Peki günün ortasında alter egomuz ile karşılaştığımızda ne yapacağız? Bana Courtney Love’ı alter ego olarak hocalarımız vermişti ama şimdi o egzersizi yeniden yapacak olsak ben bu arkamda oturan Rasta Prensesi seçerim. Kadın kaçındığım, olmak istemediğim her şeyin canlı bir tablosu çünkü. Rahatsızlığım Rasta Prenses’in davranışlarından çok, o davranışların bana hatırlattığı kendi yasaklarımdan kaynaklanıyor. Sessiz sakin bir ortamda herkesin dikkatini çekecek hareketler yapmak, yüksek sesle konuşmak, ayakları sevgilinin kucağına koymak, akro yoga hocalık eğitimi almak ve bir de bundan bağıra çağıra bahsetmek, kendime koyduğum yasakları hatırlatıyor bana. O yüzden huzursuzlandım. Alter ego egzersizini yapmasaydım geçmişte, şimdiki rahatsızlığım nesnesinin kendi içimde saklandığını hiç bilemeyecek, kadını suçlayıp duracaktım.

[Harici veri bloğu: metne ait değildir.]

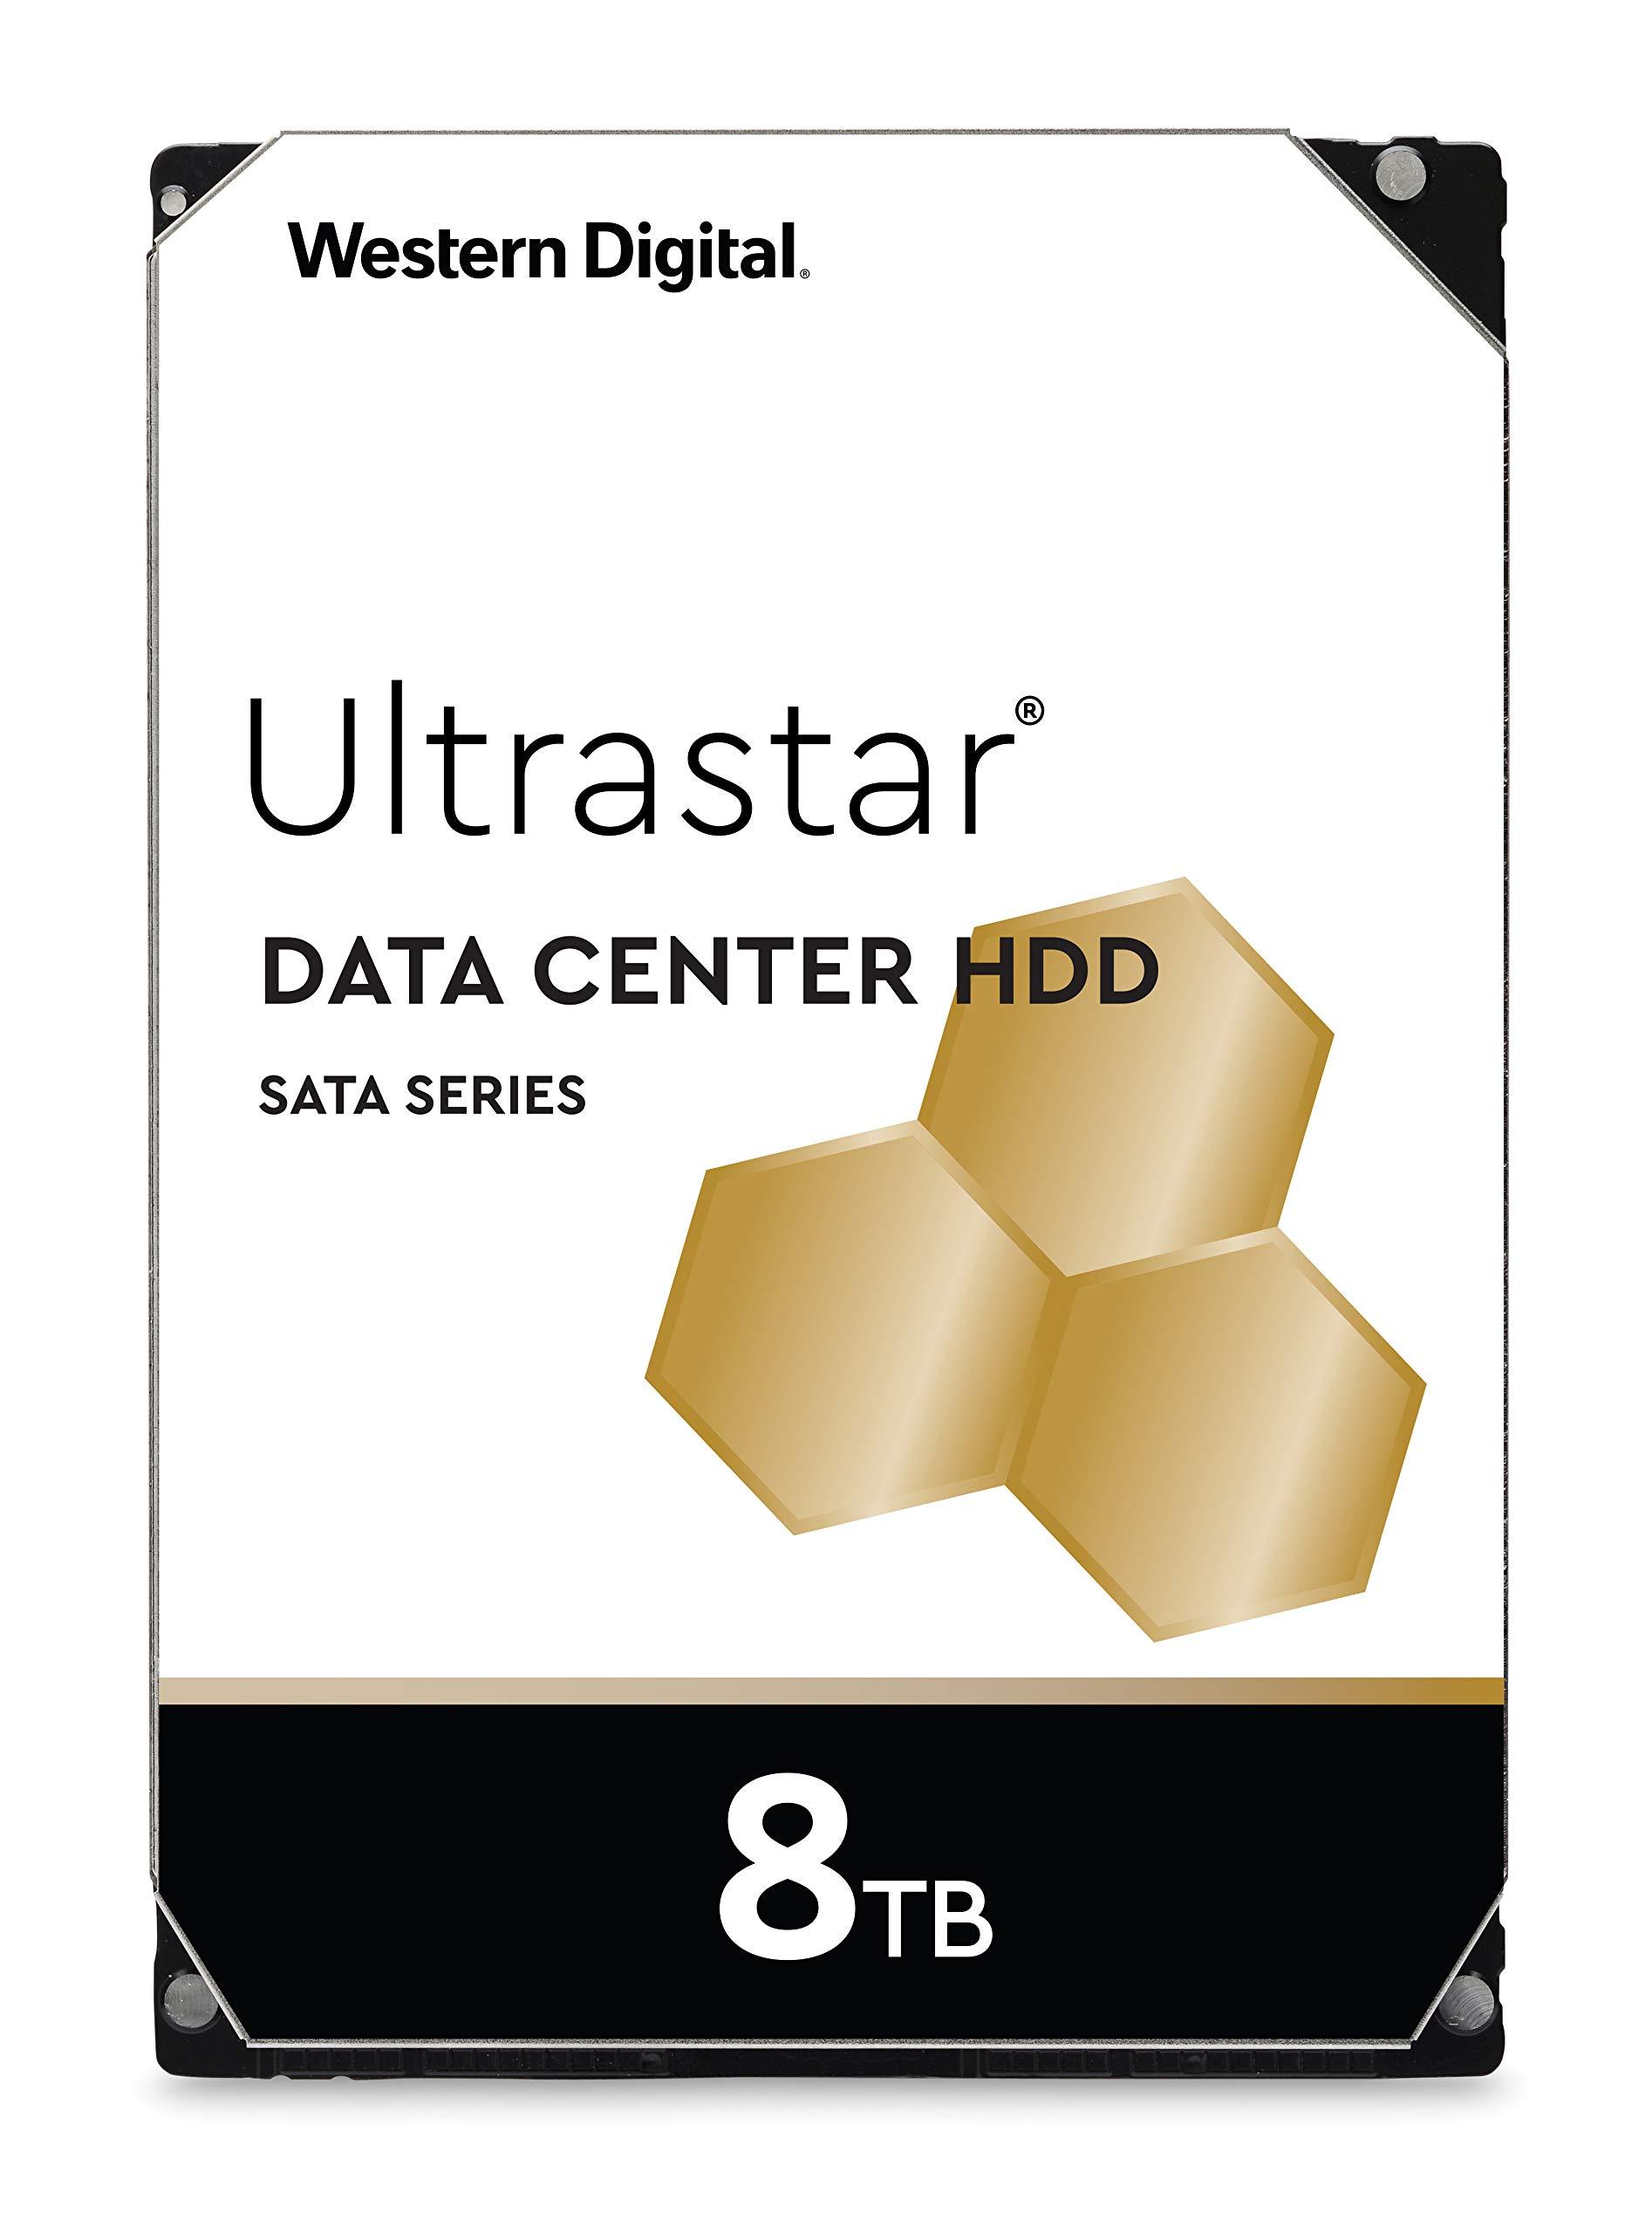 Western Digital Ultrastar DC HC320 HDD | HUS728T8TALE6L4 | 0B36404 | 8TB 7200RPM 256MB Cache SATA 6Gb/s 3.5'' Inch | 512e | SE - Secure Erase | Enterprise Hard Disk Drive
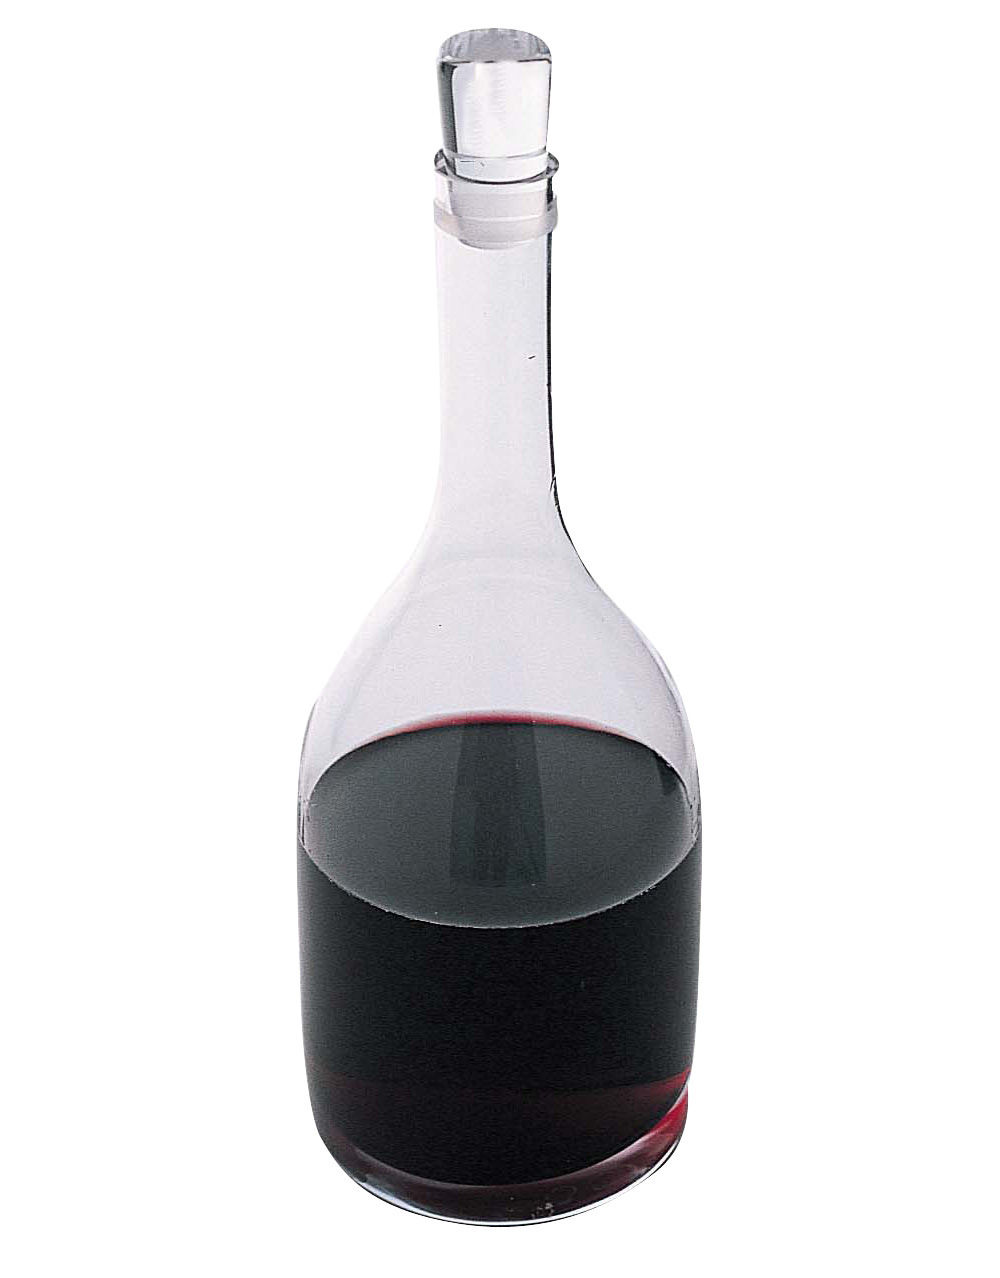 Tavola - Caraffe e Decantatori - Caraffa Vieux millésime di L'Atelier du Vin - Trasparente - Vetro soffiato a bocca

Bütün bunları farkına varınca dönüp Rasta Prenses’e bir daha baktım. Koltukta bağdaş kurmuş, telefonda konuştuğu kişiye son aylarda gezdiği dünya şehirlerini ve tabii ki yeni kaydolduğu akro yoga hocalık eğitimini anlatıyordu. Bana gülümsedi. Ben de ona gülümsedim. Bu karşılıklı tebessümleri gören içimdeki Rasta Prenses sıkıştığı hücreden bana el salladı. Gittim hücrenin kilidini açtım. Açılan kapıdan çaycıya sarı yapraklar doldu. Rüzgar çıkmış. Yan taraftaki lokanta , odun fırınını yakmış, pizzaları içine sürmeye hazırlanıyor. Havada sonbaharın odun kokusu, geçmiş ile şimdi birbirine geçmiş, içimde özgürlüğe doğru bir kapı daha açılmış.
Eve dönüyorum.
Sonbaharınız kutlu olsun.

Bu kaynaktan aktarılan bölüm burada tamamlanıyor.